Professor Kaplan’s findings from this investigation not only show that cell signalling can be pictured with great clarity but also hint that these molecular maps could guide doctors and scientists toward better ways of understanding and even predicting disease behavior. By showing how molecules in blood immune cells interact differently in sickness and in health, this method could inspire new directions for diagnosis, prognosis, and treatment. Diagnosis is the process of identifying a disease, prognosis is the likely course or outcome of that disease, and treatment is the way doctors act to manage it.

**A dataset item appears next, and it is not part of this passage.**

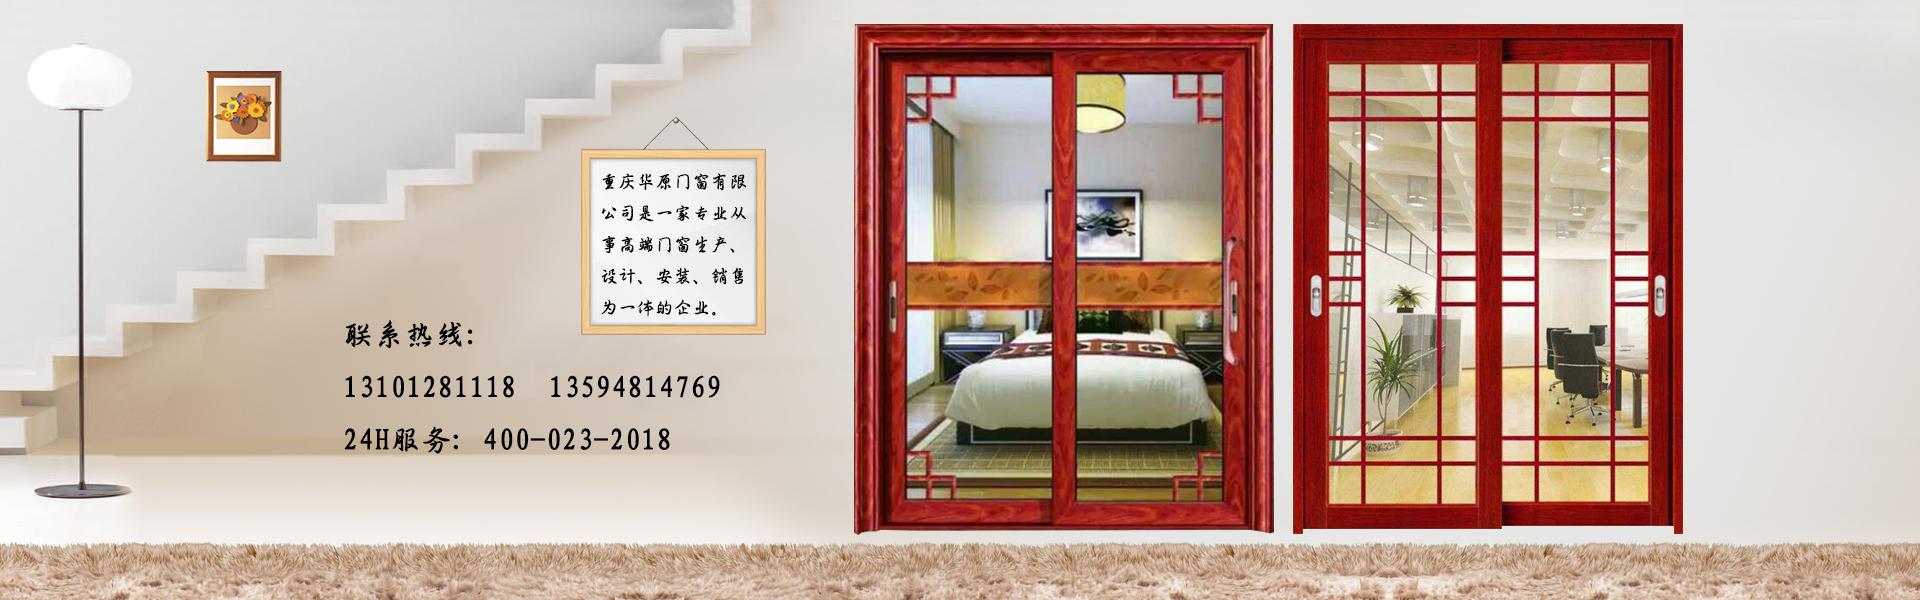 97超级碰碰免费公开是一家专业从事高端门窗生产、设计、安装、销售为一体的企业。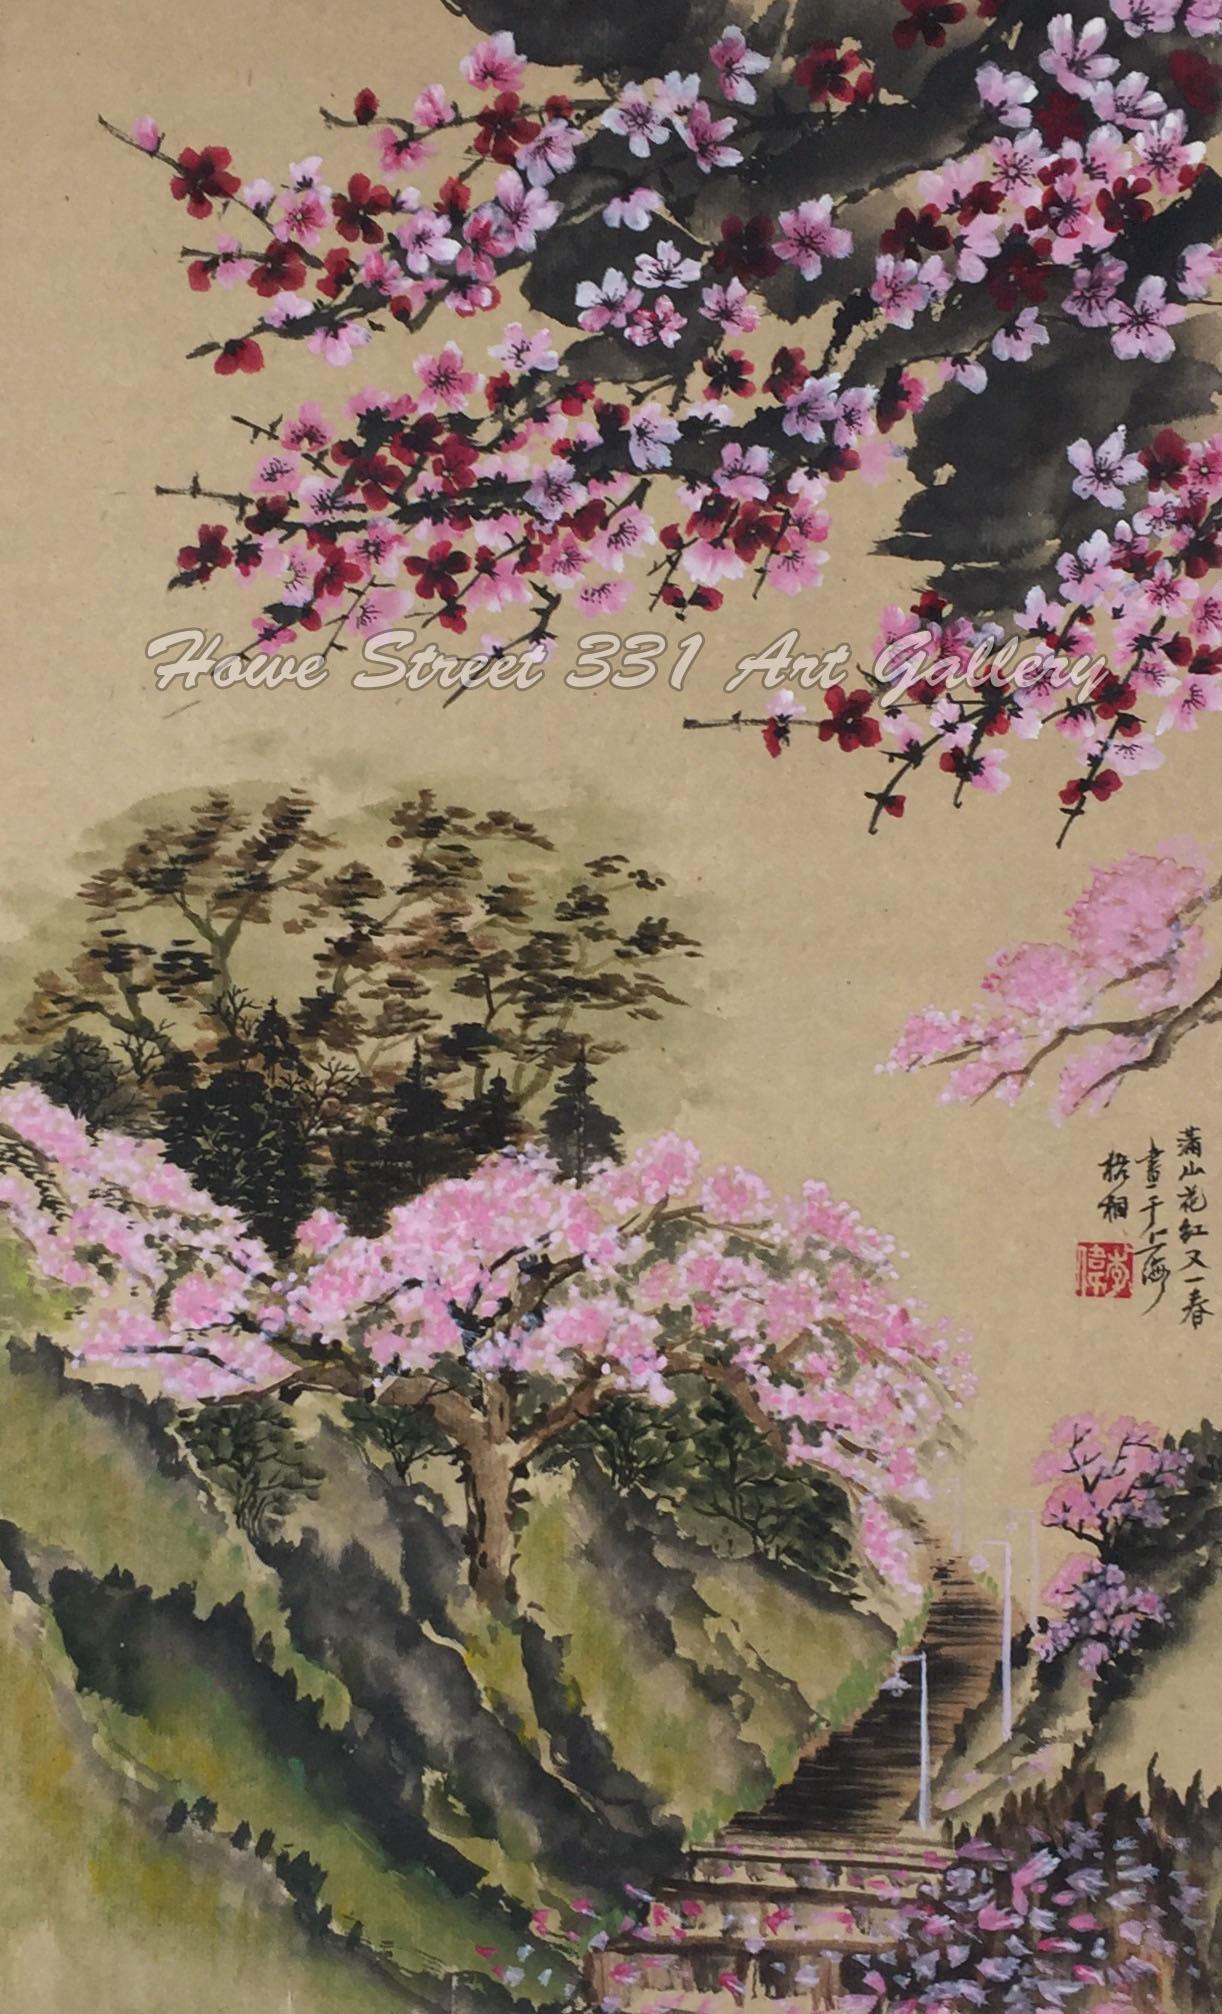 李伟  李伟先生的绘画主题非常多样。他擅长画植物,水果还有侍女图,特别精通于画动物,昆虫还有山水。他画中每一只动物的神态都不一样,活灵活现,好像那些纸上的鸟儿,鱼儿,老虎,雄鹰都有自己的灵魂。

As cell signalling lies at the center of many illnesses, the possible uses of this discovery are wide-ranging. The results could help clinicians monitor disease in real time, measure how patients respond to treatment, and reveal hidden pathways that matter in cancer and immune system disorders. Professor Kaplan and his team’s study demonstrates that by listening more carefully to the quiet conversations inside blood immune cells, science is moving closer to turning these subtle signals into meaningful clinical insights.
Journal Reference
Kaplan D., Lazarus H.M., Valent J., Anwer F., Mazzoni S., Samaras C., Williams L., Nakashima M., Hanna M., Raza S., Christian E., Khouri J. “Signalling Network Analysis of Blood Mononuclear Cells From Clinical Samples by Bivariate Correlation.” Journal of Cellular and Molecular Medicine, 2025; Volume 29. DOI: https://doi.org/10.1111/jcmm.70550
About the Author

Professor Kaplan received MD and PhD degrees from the University of Chicago. He served as a pathology resident at Barnes and Jewish Hospitals in Saint Louis and continued his research efforts as a post-doctoral fellow at Washington University. Dr. Kaplan joined the faculty in the Case Western Reserve University School of Medicine where he established a biomedical research laboratory. He also served as the director of Diagnostic Immunology and Virology laboratories at University Hospitals Cleveland. He has achieved many firsts in his research including the first cloning of human cytotoxic T cells specific for influenza virus, the first stable gene transfer into human T lymphocytes, the first use of antisense DNA to turn off expression of specific proteins in human T cells, and the first description of T cell surface molecules active in mediating immunoregulation.